Discourse Analysis for Evaluating Coherence in Video Paragraph Captions
- URL: http://arxiv.org/abs/2201.06207v1
- Date: Mon, 17 Jan 2022 04:23:08 GMT
- Title: Discourse Analysis for Evaluating Coherence in Video Paragraph Captions
- Authors: Arjun R Akula, Song-Chun Zhu
- Abstract summary: We are exploring a novel discourse based framework to evaluate the coherence of video paragraphs.
Central to our approach is the discourse representation of videos, which helps in modeling coherence of paragraphs conditioned on coherence of videos.
Our experiment results have shown that the proposed framework evaluates coherence of video paragraphs significantly better than all the baseline methods.

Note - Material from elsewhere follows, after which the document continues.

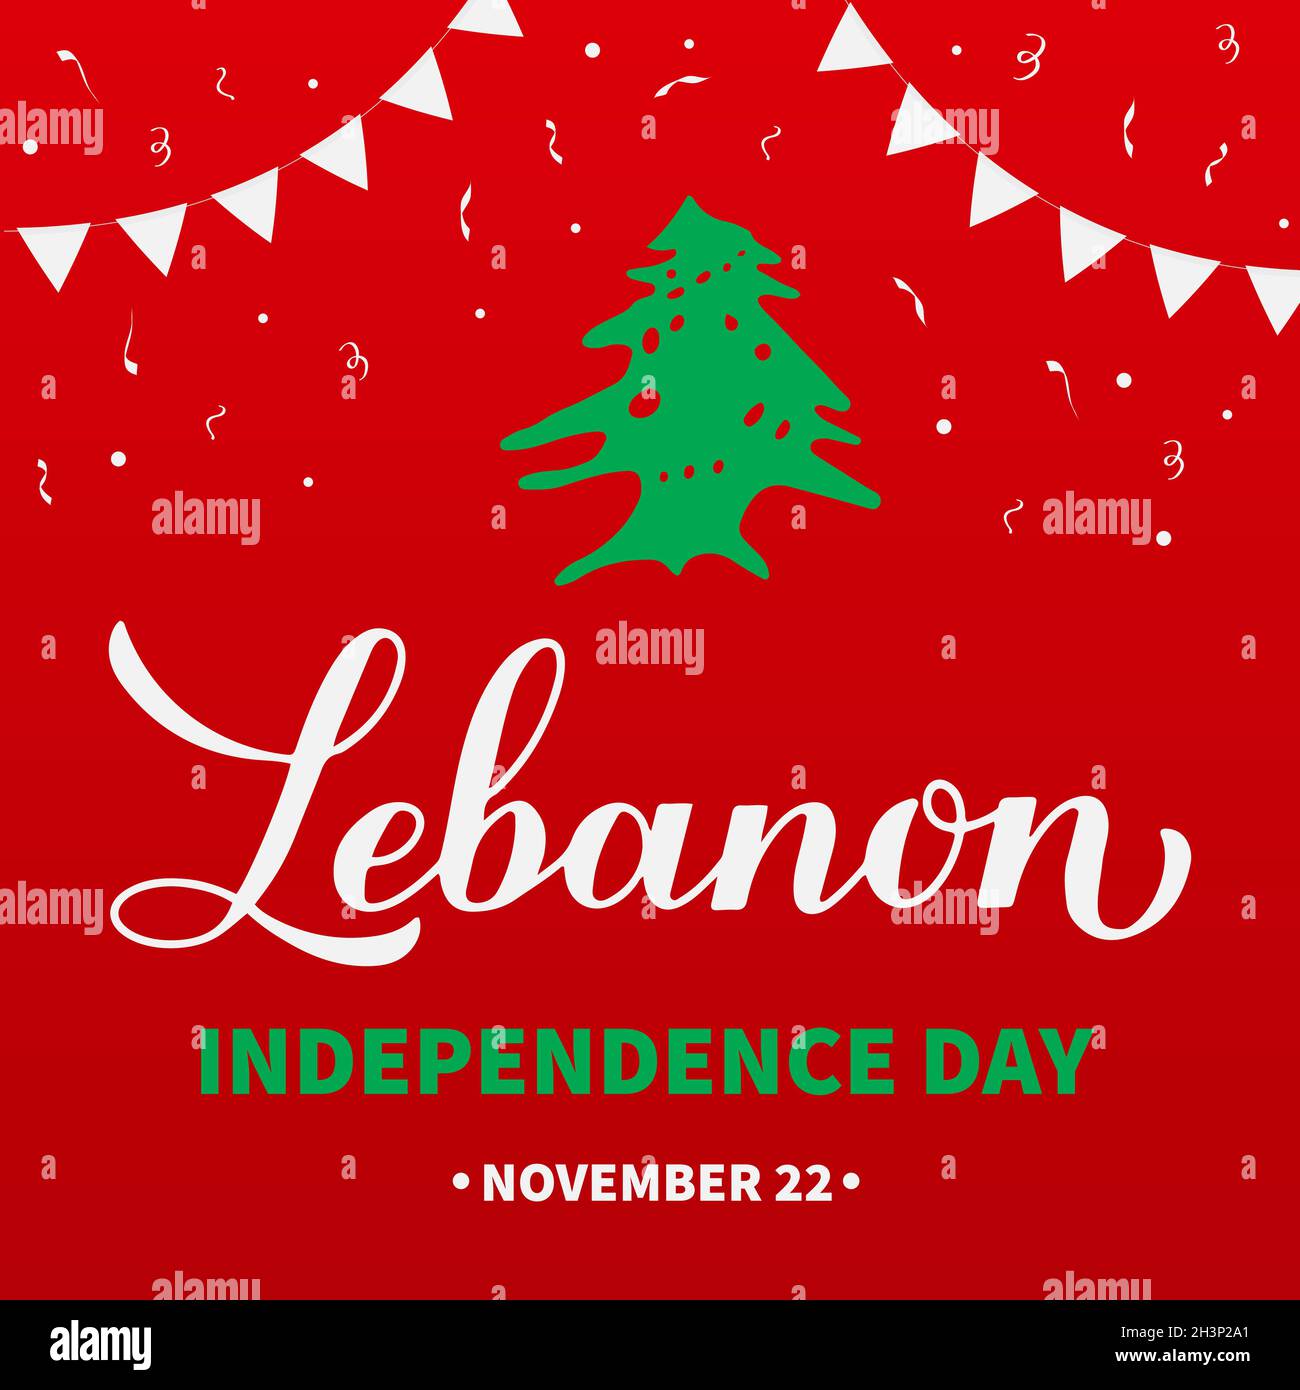 Affiche typographique de la Journée de l'indépendance du Liban.Fête libanaise le 22 novembre.Modèle vectoriel pour bannière, prospectus, cartes de vœux, etc Illustration de Vecteur

- Score: 99.37090317971312
- License: http://creativecommons.org/licenses/by/4.0/
- Abstract: Video paragraph captioning is the task of automatically generating a coherent
paragraph description of the actions in a video. Previous linguistic studies
have demonstrated that coherence of a natural language text is reflected by its
discourse structure and relations. However, existing video captioning methods
evaluate the coherence of generated paragraphs by comparing them merely against
human paragraph annotations and fail to reason about the underlying discourse
structure. At UCLA, we are currently exploring a novel discourse based
framework to evaluate the coherence of video paragraphs. Central to our
approach is the discourse representation of videos, which helps in modeling
coherence of paragraphs conditioned on coherence of videos. We also introduce
DisNet, a novel dataset containing the proposed visual discourse annotations of
3000 videos and their paragraphs. Our experiment results have shown that the
proposed framework evaluates coherence of video paragraphs significantly better
than all the baseline methods. We believe that many other multi-discipline
Artificial Intelligence problems such as Visual Dialog and Visual Storytelling
would also greatly benefit from the proposed visual discourse framework and the
DisNet dataset.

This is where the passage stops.